Santa Monica, CA
Alec Egan's work has been defined by his robust painting approach, using multi-dimensional surfaces to construct narrative scenes, paint globs and smears that cover matte surfaces and detailed patterns.
In this new offering of paintings, Egan's technique is no different, if not more refined, as he works conceptually to tackle the architecture and history of the California Heritage Museum. Playing off of the Museum's original incarnation - a turn of the century Victorian home - the exhibition aims to revert the converted second story exhibition space back into the initial layout of the home by mirroring the original architecture of the space with the subject matter of the paintings. Each room of the exhibition is occupied by paintings that depict the original space’s utility. For example, where a second story bedroom once was, Egan has painted a large bedroom scene, with subsequent paintings depicting details of that bedroom scene. Whether paintings of lush flower patterned wallpaper against flower patterned furniture, or muted blue grids of tiled bathroom floors defiled by impasto ashtrays and books, these unique groupings of psychologically provocative "interior" paintings define and populate certain living areas of the second floor.
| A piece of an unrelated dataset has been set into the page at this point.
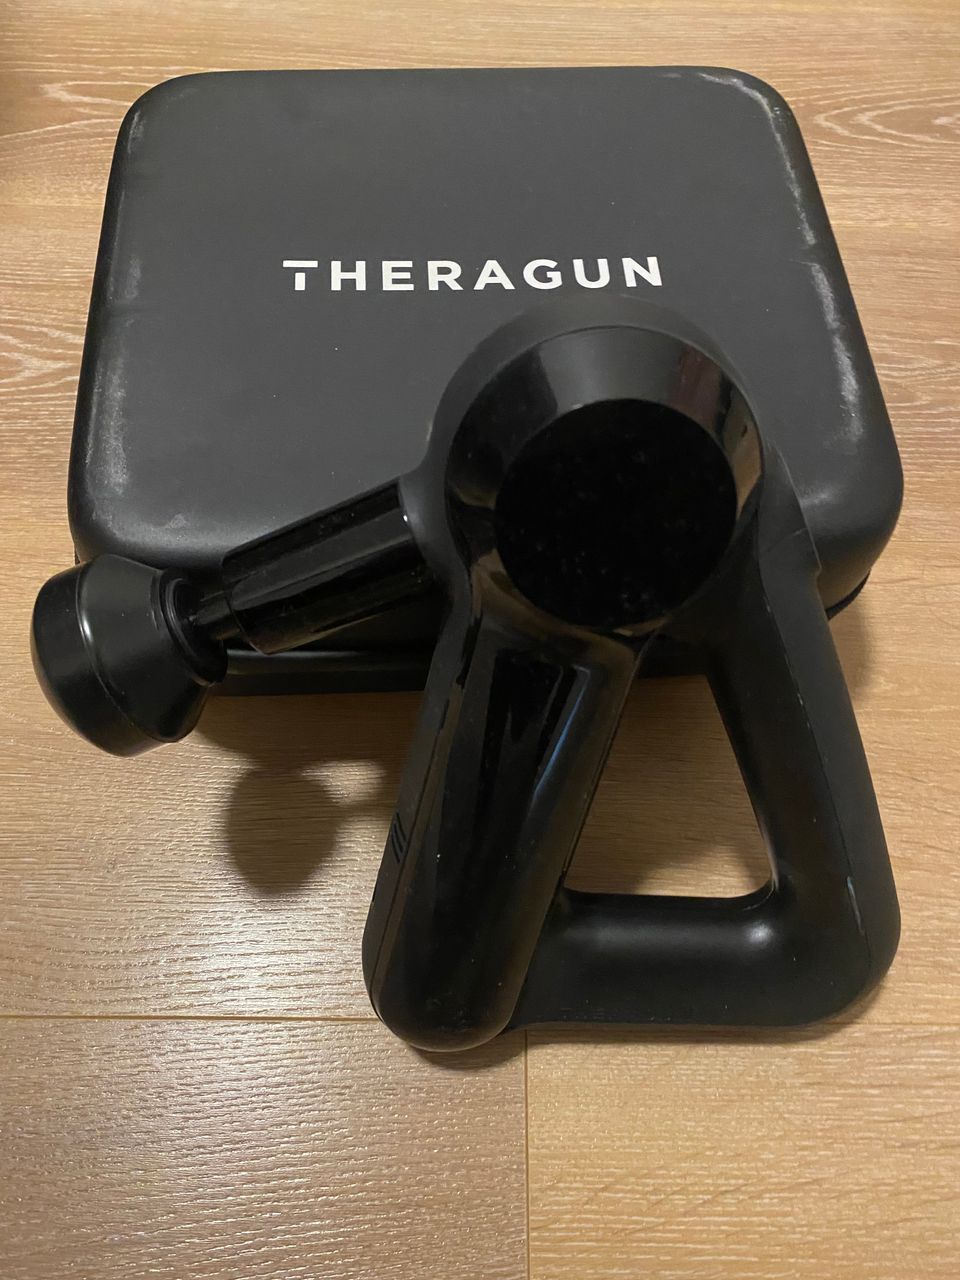 Theragun Prime Massage gun - Powerful deep muscle treatment

Using design elements from 1977 (when the museum was moved from its original location on Ocean Avenue to its current one on Main Street) through the present, these groupings create an experiential environment that hovers somewhere between installation and traditional exhibition. The resulting world traverses a nostalgia that is part familiar and part fictionalized. It localizes yet decentralizes the viewer while summoning the power of a collective domestic past and the psychological effect of design/architecture. Pointing to an array of bisections, museum vs "home", design vs function, installation vs exhibition, public vs private, Egan's conceptual premise probes the temporal nature of meaning and to which spaces we ascribe value and why.